Reproduce, unchanged, the lines between the one holding "Kurz vor dem" and the last line of the records, including both ends, but no pictures.
Segment Start: GIVEN RECORDS
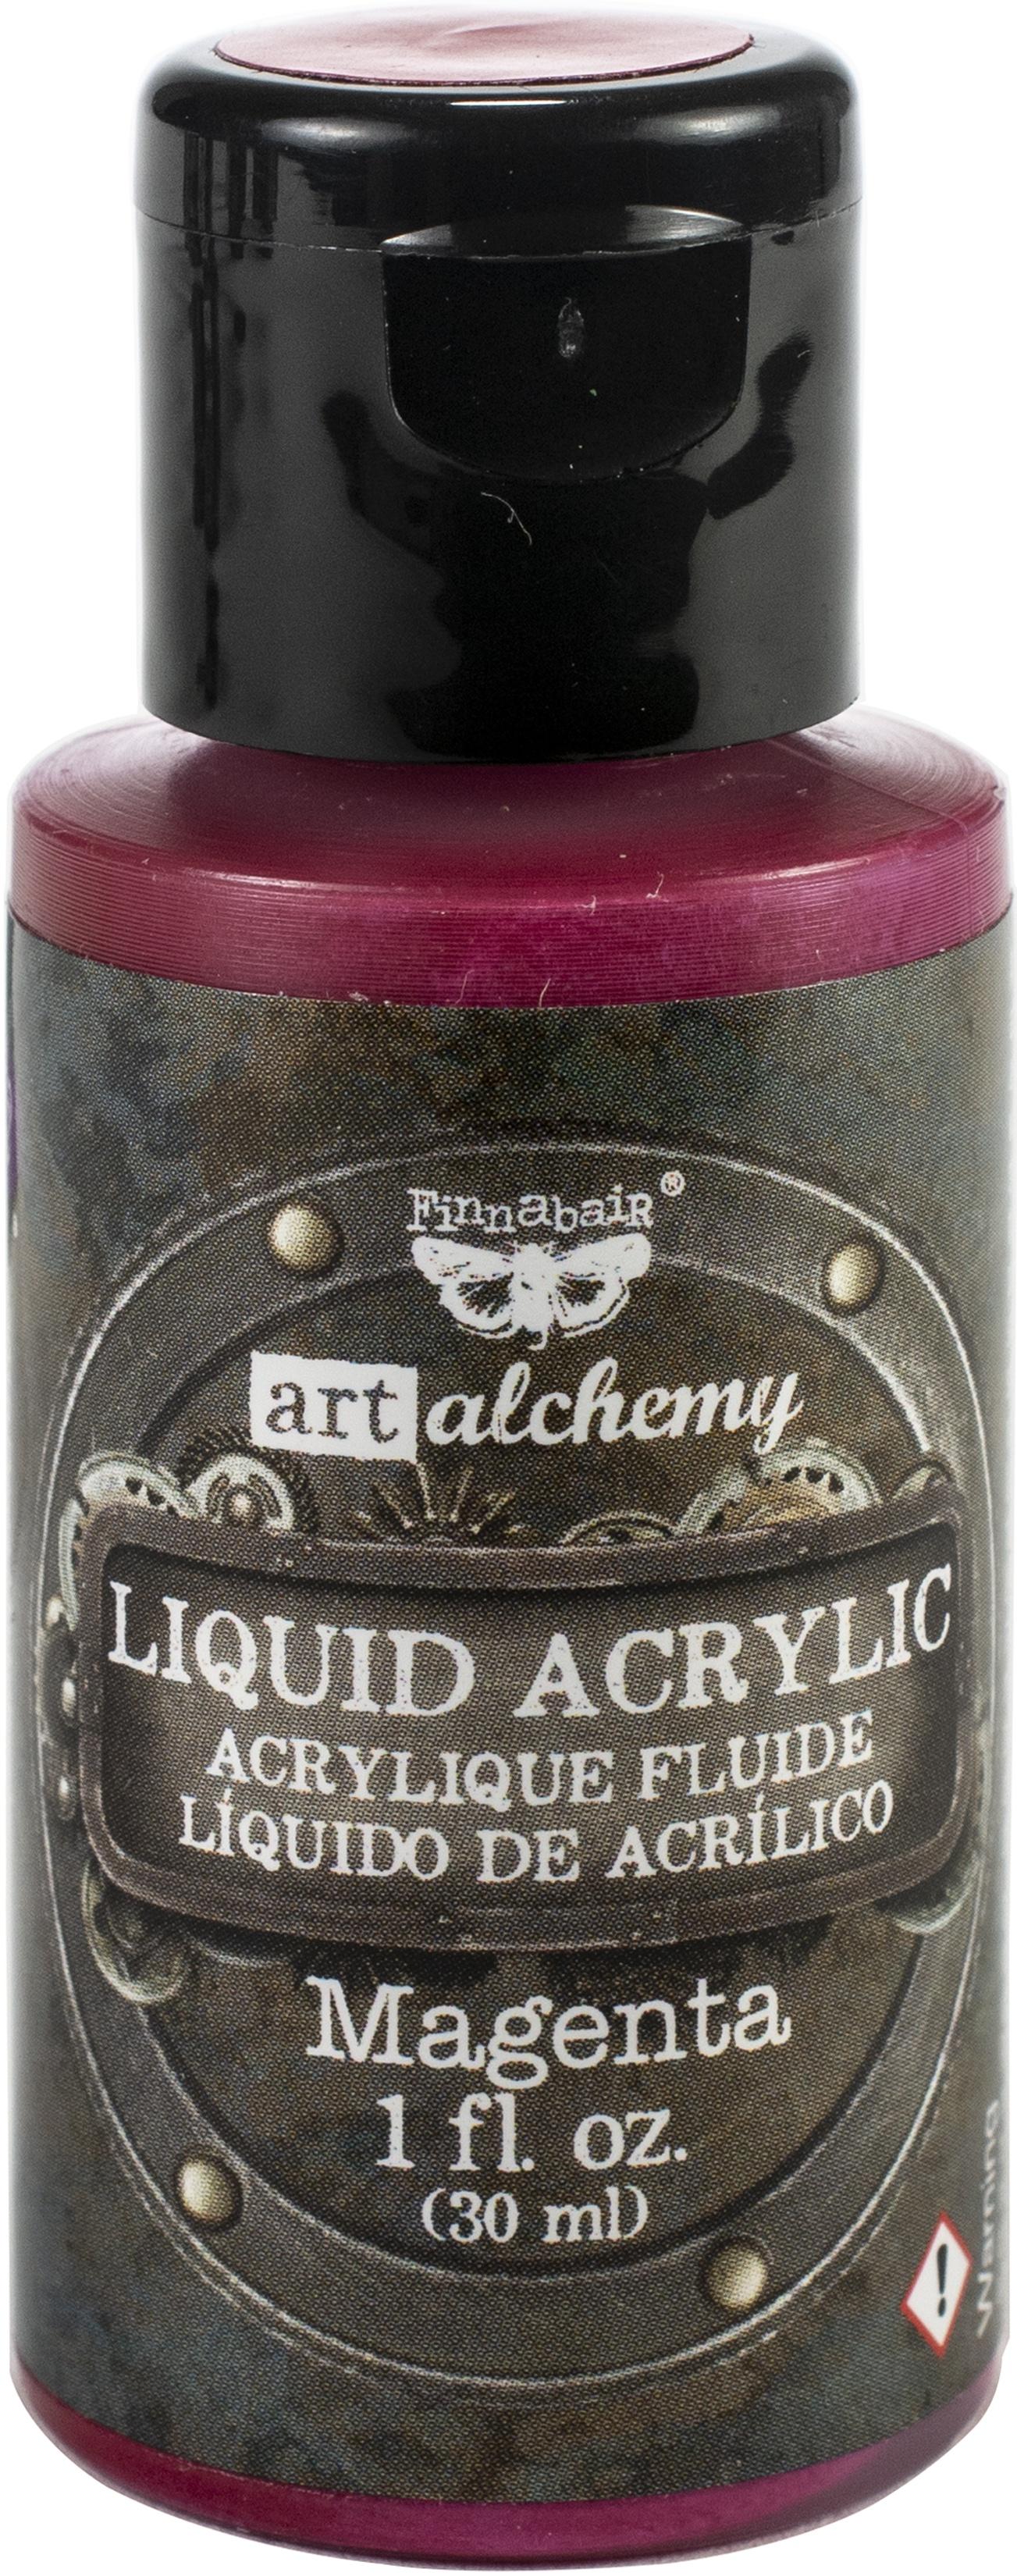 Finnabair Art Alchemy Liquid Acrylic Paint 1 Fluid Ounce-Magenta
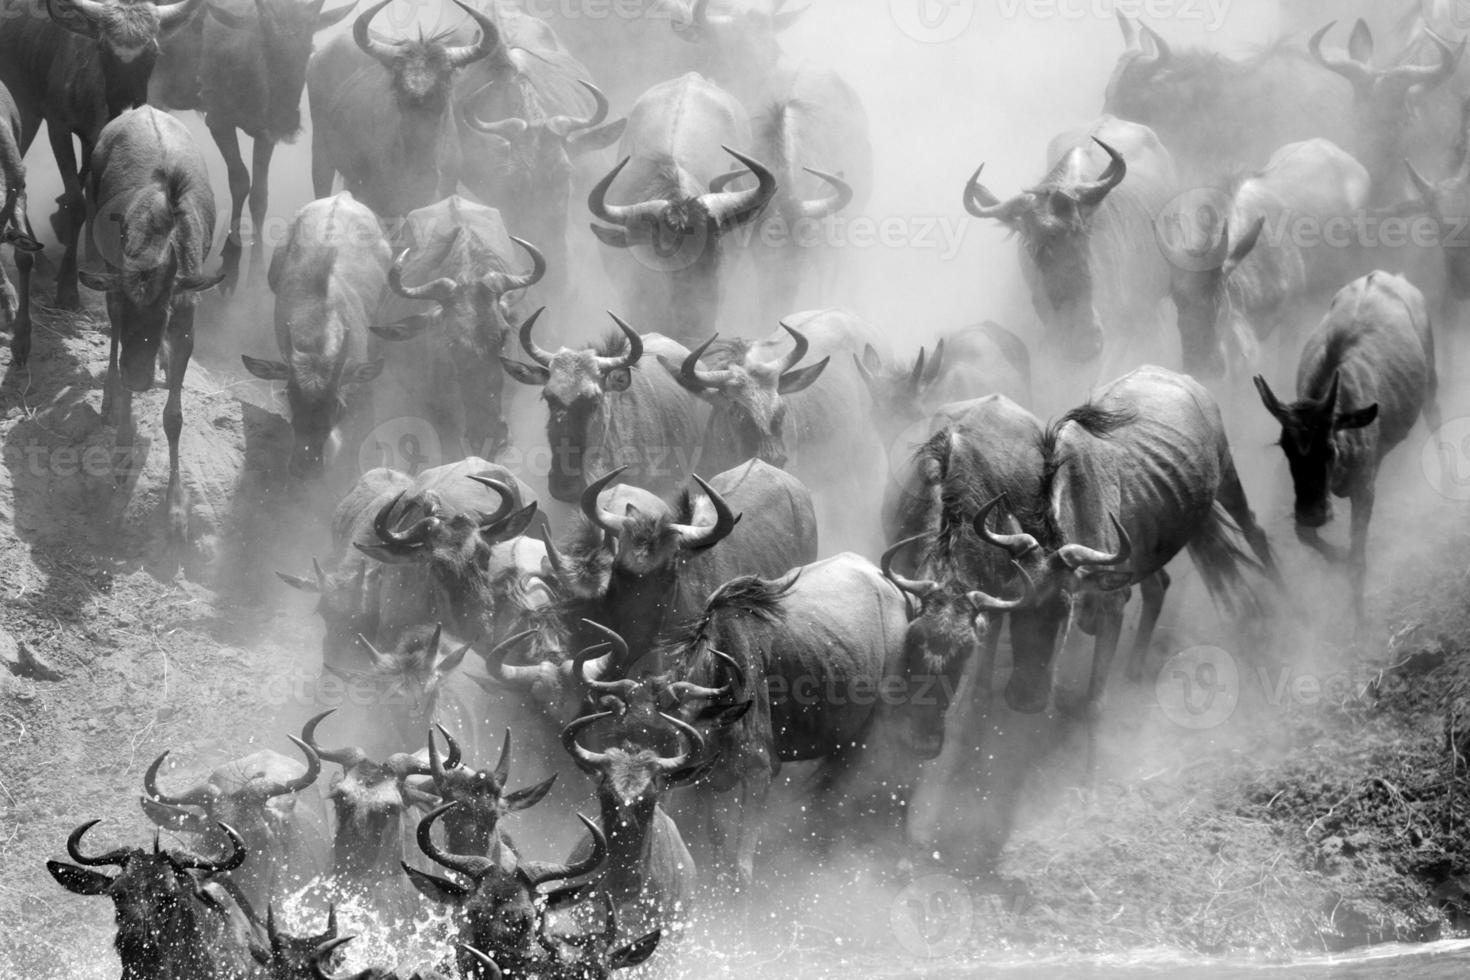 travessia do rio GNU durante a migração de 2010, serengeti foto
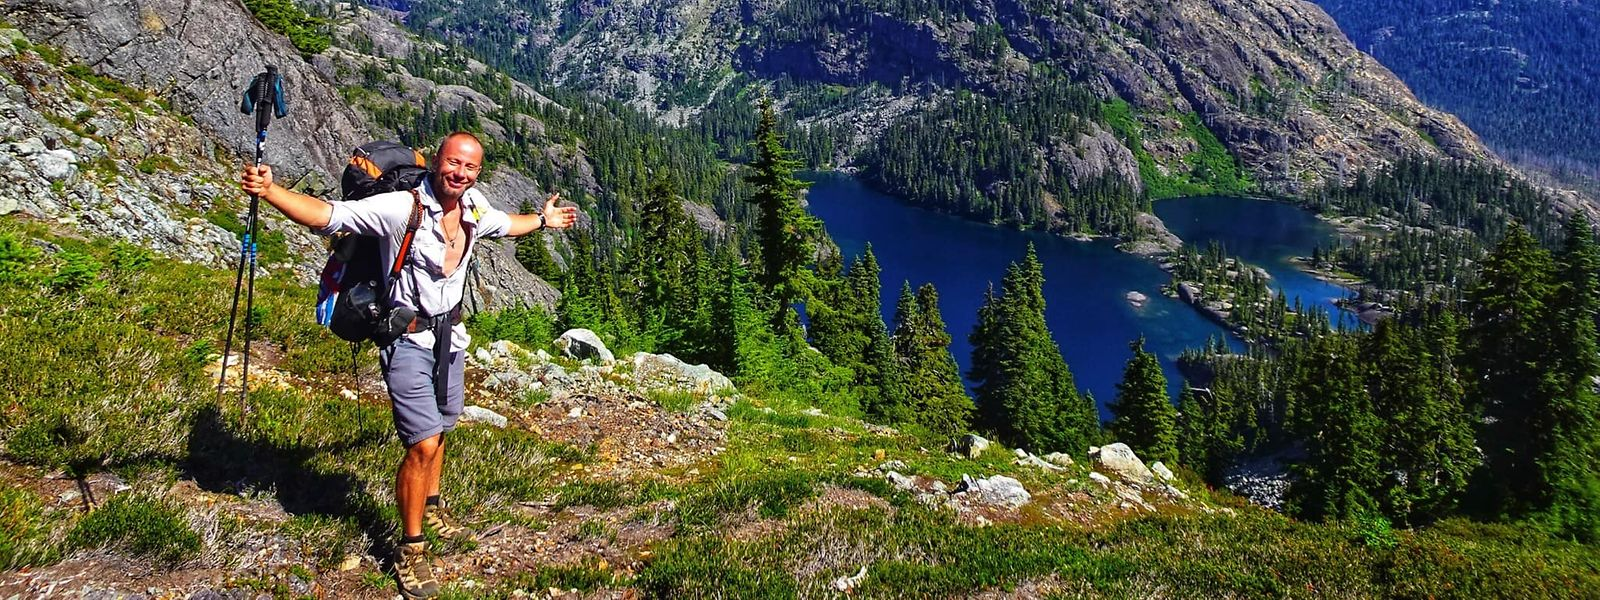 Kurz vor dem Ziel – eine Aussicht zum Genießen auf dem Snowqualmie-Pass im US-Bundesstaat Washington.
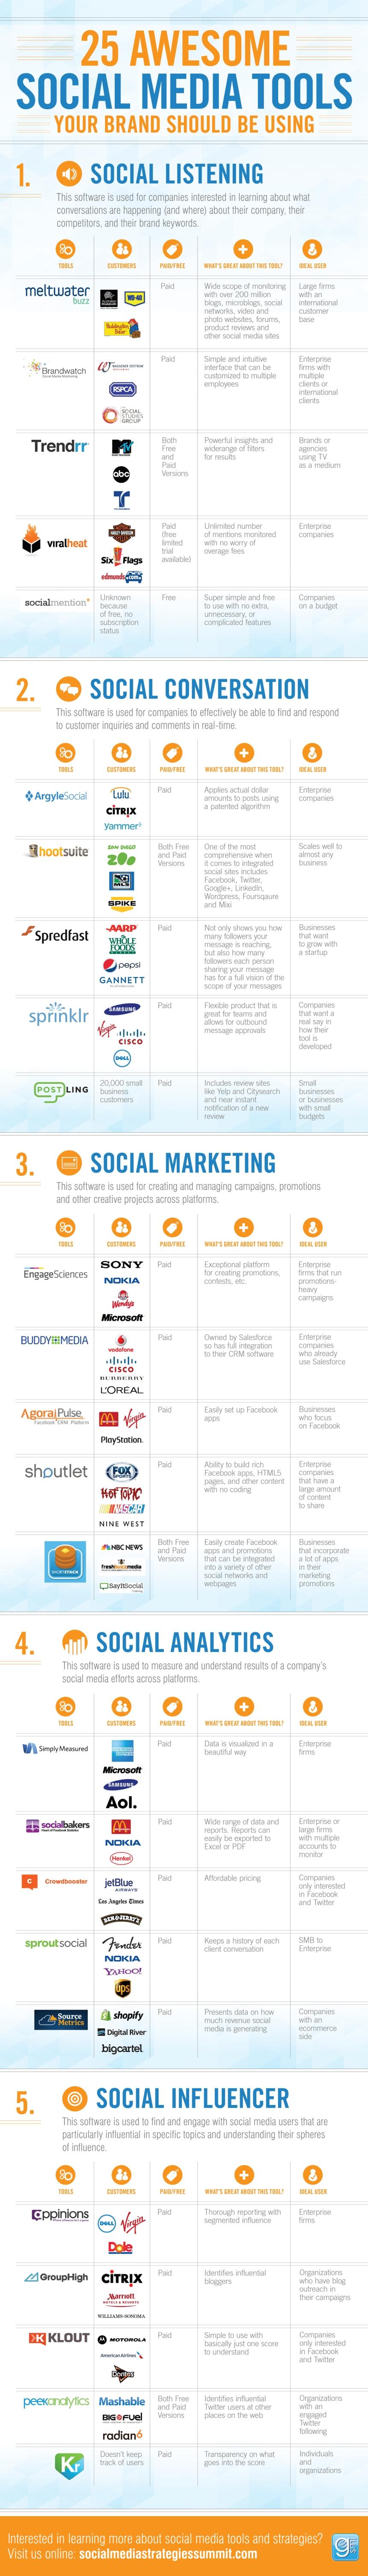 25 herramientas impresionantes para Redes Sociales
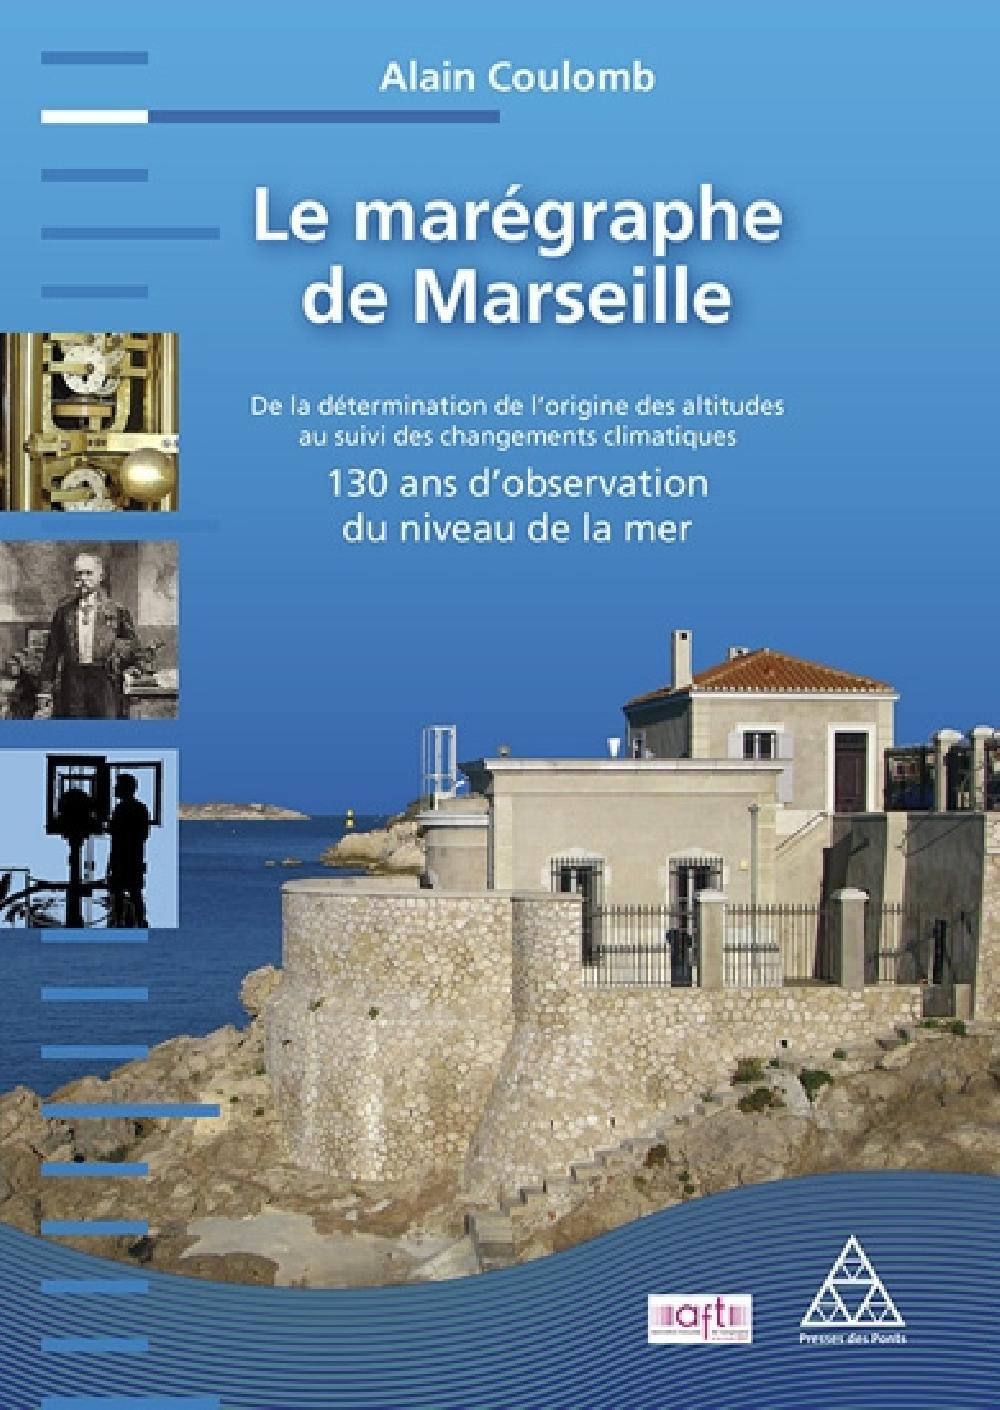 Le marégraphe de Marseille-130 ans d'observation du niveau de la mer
Segment End: GIVEN RECORDS
▸ TASK ANSWER:
 Kurz vor dem Ziel – eine Aussicht zum Genießen auf dem Snowqualmie-Pass im US-Bundesstaat Washington.
 25 herramientas impresionantes para Redes Sociales
 Le marégraphe de Marseille-130 ans d'observation du niveau de la mer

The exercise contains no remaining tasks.